* _WORK TASK_: Write the data below out in full, exactly as it stands.

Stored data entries
[Start of Attachment]
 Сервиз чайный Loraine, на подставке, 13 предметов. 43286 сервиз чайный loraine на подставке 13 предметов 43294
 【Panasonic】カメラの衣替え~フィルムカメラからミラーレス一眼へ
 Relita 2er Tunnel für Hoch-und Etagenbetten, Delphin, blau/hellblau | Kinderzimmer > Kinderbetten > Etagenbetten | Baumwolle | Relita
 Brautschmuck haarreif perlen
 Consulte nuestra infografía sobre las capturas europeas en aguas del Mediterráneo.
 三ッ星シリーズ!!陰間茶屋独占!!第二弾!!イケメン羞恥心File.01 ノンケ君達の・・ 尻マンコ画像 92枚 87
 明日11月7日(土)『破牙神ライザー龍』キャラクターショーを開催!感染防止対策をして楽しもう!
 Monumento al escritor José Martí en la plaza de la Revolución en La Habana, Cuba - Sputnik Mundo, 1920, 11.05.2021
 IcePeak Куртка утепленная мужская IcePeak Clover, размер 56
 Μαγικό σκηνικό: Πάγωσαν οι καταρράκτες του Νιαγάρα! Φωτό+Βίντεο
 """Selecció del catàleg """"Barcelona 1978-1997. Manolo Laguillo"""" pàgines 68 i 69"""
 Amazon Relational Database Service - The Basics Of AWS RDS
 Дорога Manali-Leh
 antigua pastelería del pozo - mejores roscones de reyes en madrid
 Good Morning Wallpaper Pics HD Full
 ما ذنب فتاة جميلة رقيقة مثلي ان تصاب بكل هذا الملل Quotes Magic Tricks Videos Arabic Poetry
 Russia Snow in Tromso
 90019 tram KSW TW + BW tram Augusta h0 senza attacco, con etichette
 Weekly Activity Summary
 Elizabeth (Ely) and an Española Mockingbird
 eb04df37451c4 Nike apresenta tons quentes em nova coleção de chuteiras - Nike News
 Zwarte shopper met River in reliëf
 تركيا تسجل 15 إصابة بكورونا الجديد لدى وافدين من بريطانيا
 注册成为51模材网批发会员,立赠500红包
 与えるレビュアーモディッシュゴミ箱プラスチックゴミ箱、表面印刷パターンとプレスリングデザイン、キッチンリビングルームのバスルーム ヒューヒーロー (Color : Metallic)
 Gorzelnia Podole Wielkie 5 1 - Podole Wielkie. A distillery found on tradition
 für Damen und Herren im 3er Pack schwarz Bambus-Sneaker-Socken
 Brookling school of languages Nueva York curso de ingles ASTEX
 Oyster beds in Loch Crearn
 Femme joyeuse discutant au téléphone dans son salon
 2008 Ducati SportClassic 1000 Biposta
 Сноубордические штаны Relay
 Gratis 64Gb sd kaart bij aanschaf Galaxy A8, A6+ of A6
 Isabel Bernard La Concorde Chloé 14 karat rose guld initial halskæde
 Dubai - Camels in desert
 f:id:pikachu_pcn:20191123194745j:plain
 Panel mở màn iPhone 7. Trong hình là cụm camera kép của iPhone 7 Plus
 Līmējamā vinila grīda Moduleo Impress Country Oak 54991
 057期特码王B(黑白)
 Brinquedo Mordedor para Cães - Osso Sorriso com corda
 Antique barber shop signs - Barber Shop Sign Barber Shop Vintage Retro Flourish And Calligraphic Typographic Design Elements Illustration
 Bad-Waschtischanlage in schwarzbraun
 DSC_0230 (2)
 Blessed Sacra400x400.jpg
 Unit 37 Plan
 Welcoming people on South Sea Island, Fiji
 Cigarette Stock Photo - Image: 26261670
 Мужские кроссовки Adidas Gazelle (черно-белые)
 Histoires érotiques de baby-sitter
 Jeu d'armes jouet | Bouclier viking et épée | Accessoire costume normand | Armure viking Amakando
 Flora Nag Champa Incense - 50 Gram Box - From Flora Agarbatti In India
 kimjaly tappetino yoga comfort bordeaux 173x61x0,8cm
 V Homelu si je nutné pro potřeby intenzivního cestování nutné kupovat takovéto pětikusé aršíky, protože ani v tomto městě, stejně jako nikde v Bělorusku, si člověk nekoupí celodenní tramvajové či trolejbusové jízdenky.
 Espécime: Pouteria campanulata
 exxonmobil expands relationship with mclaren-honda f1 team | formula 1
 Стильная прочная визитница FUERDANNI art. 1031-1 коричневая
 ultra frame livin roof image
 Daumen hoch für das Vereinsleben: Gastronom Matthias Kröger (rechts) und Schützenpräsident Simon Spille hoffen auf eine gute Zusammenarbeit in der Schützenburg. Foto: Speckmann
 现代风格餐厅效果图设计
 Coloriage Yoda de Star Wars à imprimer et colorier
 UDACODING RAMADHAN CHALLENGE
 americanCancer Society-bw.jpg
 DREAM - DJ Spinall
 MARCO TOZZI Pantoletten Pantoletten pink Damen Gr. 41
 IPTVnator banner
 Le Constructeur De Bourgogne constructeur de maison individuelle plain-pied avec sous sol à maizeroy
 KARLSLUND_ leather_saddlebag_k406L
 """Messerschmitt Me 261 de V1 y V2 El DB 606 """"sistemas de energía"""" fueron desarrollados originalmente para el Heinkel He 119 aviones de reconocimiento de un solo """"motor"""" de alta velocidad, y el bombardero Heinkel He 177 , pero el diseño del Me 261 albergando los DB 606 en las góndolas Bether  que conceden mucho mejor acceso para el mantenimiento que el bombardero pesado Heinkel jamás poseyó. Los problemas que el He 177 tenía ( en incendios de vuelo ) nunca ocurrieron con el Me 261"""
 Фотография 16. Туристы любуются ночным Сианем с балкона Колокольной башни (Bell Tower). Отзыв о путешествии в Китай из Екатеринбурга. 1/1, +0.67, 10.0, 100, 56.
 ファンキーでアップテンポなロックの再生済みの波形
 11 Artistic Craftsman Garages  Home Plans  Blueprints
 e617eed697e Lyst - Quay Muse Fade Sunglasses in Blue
[End of Attachment]
* _SOLUTION_:
 Сервиз чайный Loraine, на подставке, 13 предметов. 43286 сервиз чайный loraine на подставке 13 предметов 43294
 【Panasonic】カメラの衣替え~フィルムカメラからミラーレス一眼へ
 Relita 2er Tunnel für Hoch-und Etagenbetten, Delphin, blau/hellblau | Kinderzimmer > Kinderbetten > Etagenbetten | Baumwolle | Relita
 Brautschmuck haarreif perlen
 Consulte nuestra infografía sobre las capturas europeas en aguas del Mediterráneo.
 三ッ星シリーズ!!陰間茶屋独占!!第二弾!!イケメン羞恥心File.01 ノンケ君達の・・ 尻マンコ画像 92枚 87
 明日11月7日(土)『破牙神ライザー龍』キャラクターショーを開催!感染防止対策をして楽しもう!
 Monumento al escritor José Martí en la plaza de la Revolución en La Habana, Cuba - Sputnik Mundo, 1920, 11.05.2021
 IcePeak Куртка утепленная мужская IcePeak Clover, размер 56
 Μαγικό σκηνικό: Πάγωσαν οι καταρράκτες του Νιαγάρα! Φωτό+Βίντεο
 """Selecció del catàleg """"Barcelona 1978-1997. Manolo Laguillo"""" pàgines 68 i 69"""
 Amazon Relational Database Service - The Basics Of AWS RDS
 Дорога Manali-Leh
 antigua pastelería del pozo - mejores roscones de reyes en madrid
 Good Morning Wallpaper Pics HD Full
 ما ذنب فتاة جميلة رقيقة مثلي ان تصاب بكل هذا الملل Quotes Magic Tricks Videos Arabic Poetry
 Russia Snow in Tromso
 90019 tram KSW TW + BW tram Augusta h0 senza attacco, con etichette
 Weekly Activity Summary
 Elizabeth (Ely) and an Española Mockingbird
 eb04df37451c4 Nike apresenta tons quentes em nova coleção de chuteiras - Nike News
 Zwarte shopper met River in reliëf
 تركيا تسجل 15 إصابة بكورونا الجديد لدى وافدين من بريطانيا
 注册成为51模材网批发会员,立赠500红包
 与えるレビュアーモディッシュゴミ箱プラスチックゴミ箱、表面印刷パターンとプレスリングデザイン、キッチンリビングルームのバスルーム ヒューヒーロー (Color : Metallic)
 Gorzelnia Podole Wielkie 5 1 - Podole Wielkie. A distillery found on tradition
 für Damen und Herren im 3er Pack schwarz Bambus-Sneaker-Socken
 Brookling school of languages Nueva York curso de ingles ASTEX
 Oyster beds in Loch Crearn
 Femme joyeuse discutant au téléphone dans son salon
 2008 Ducati SportClassic 1000 Biposta
 Сноубордические штаны Relay
 Gratis 64Gb sd kaart bij aanschaf Galaxy A8, A6+ of A6
 Isabel Bernard La Concorde Chloé 14 karat rose guld initial halskæde
 Dubai - Camels in desert
 f:id:pikachu_pcn:20191123194745j:plain
 Panel mở màn iPhone 7. Trong hình là cụm camera kép của iPhone 7 Plus
 Līmējamā vinila grīda Moduleo Impress Country Oak 54991
 057期特码王B(黑白)
 Brinquedo Mordedor para Cães - Osso Sorriso com corda
 Antique barber shop signs - Barber Shop Sign Barber Shop Vintage Retro Flourish And Calligraphic Typographic Design Elements Illustration
 Bad-Waschtischanlage in schwarzbraun
 DSC_0230 (2)
 Blessed Sacra400x400.jpg
 Unit 37 Plan
 Welcoming people on South Sea Island, Fiji
 Cigarette Stock Photo - Image: 26261670
 Мужские кроссовки Adidas Gazelle (черно-белые)
 Histoires érotiques de baby-sitter
 Jeu d'armes jouet | Bouclier viking et épée | Accessoire costume normand | Armure viking Amakando
 Flora Nag Champa Incense - 50 Gram Box - From Flora Agarbatti In India
 kimjaly tappetino yoga comfort bordeaux 173x61x0,8cm
 V Homelu si je nutné pro potřeby intenzivního cestování nutné kupovat takovéto pětikusé aršíky, protože ani v tomto městě, stejně jako nikde v Bělorusku, si člověk nekoupí celodenní tramvajové či trolejbusové jízdenky.
 Espécime: Pouteria campanulata
 exxonmobil expands relationship with mclaren-honda f1 team | formula 1
 Стильная прочная визитница FUERDANNI art. 1031-1 коричневая
 ultra frame livin roof image
 Daumen hoch für das Vereinsleben: Gastronom Matthias Kröger (rechts) und Schützenpräsident Simon Spille hoffen auf eine gute Zusammenarbeit in der Schützenburg. Foto: Speckmann
 现代风格餐厅效果图设计
 Coloriage Yoda de Star Wars à imprimer et colorier
 UDACODING RAMADHAN CHALLENGE
 americanCancer Society-bw.jpg
 DREAM - DJ Spinall
 MARCO TOZZI Pantoletten Pantoletten pink Damen Gr. 41
 IPTVnator banner
 Le Constructeur De Bourgogne constructeur de maison individuelle plain-pied avec sous sol à maizeroy
 KARLSLUND_ leather_saddlebag_k406L
 """Messerschmitt Me 261 de V1 y V2 El DB 606 """"sistemas de energía"""" fueron desarrollados originalmente para el Heinkel He 119 aviones de reconocimiento de un solo """"motor"""" de alta velocidad, y el bombardero Heinkel He 177 , pero el diseño del Me 261 albergando los DB 606 en las góndolas Bether  que conceden mucho mejor acceso para el mantenimiento que el bombardero pesado Heinkel jamás poseyó. Los problemas que el He 177 tenía ( en incendios de vuelo ) nunca ocurrieron con el Me 261"""
 Фотография 16. Туристы любуются ночным Сианем с балкона Колокольной башни (Bell Tower). Отзыв о путешествии в Китай из Екатеринбурга. 1/1, +0.67, 10.0, 100, 56.
 ファンキーでアップテンポなロックの再生済みの波形
 11 Artistic Craftsman Garages  Home Plans  Blueprints
 e617eed697e Lyst - Quay Muse Fade Sunglasses in Blue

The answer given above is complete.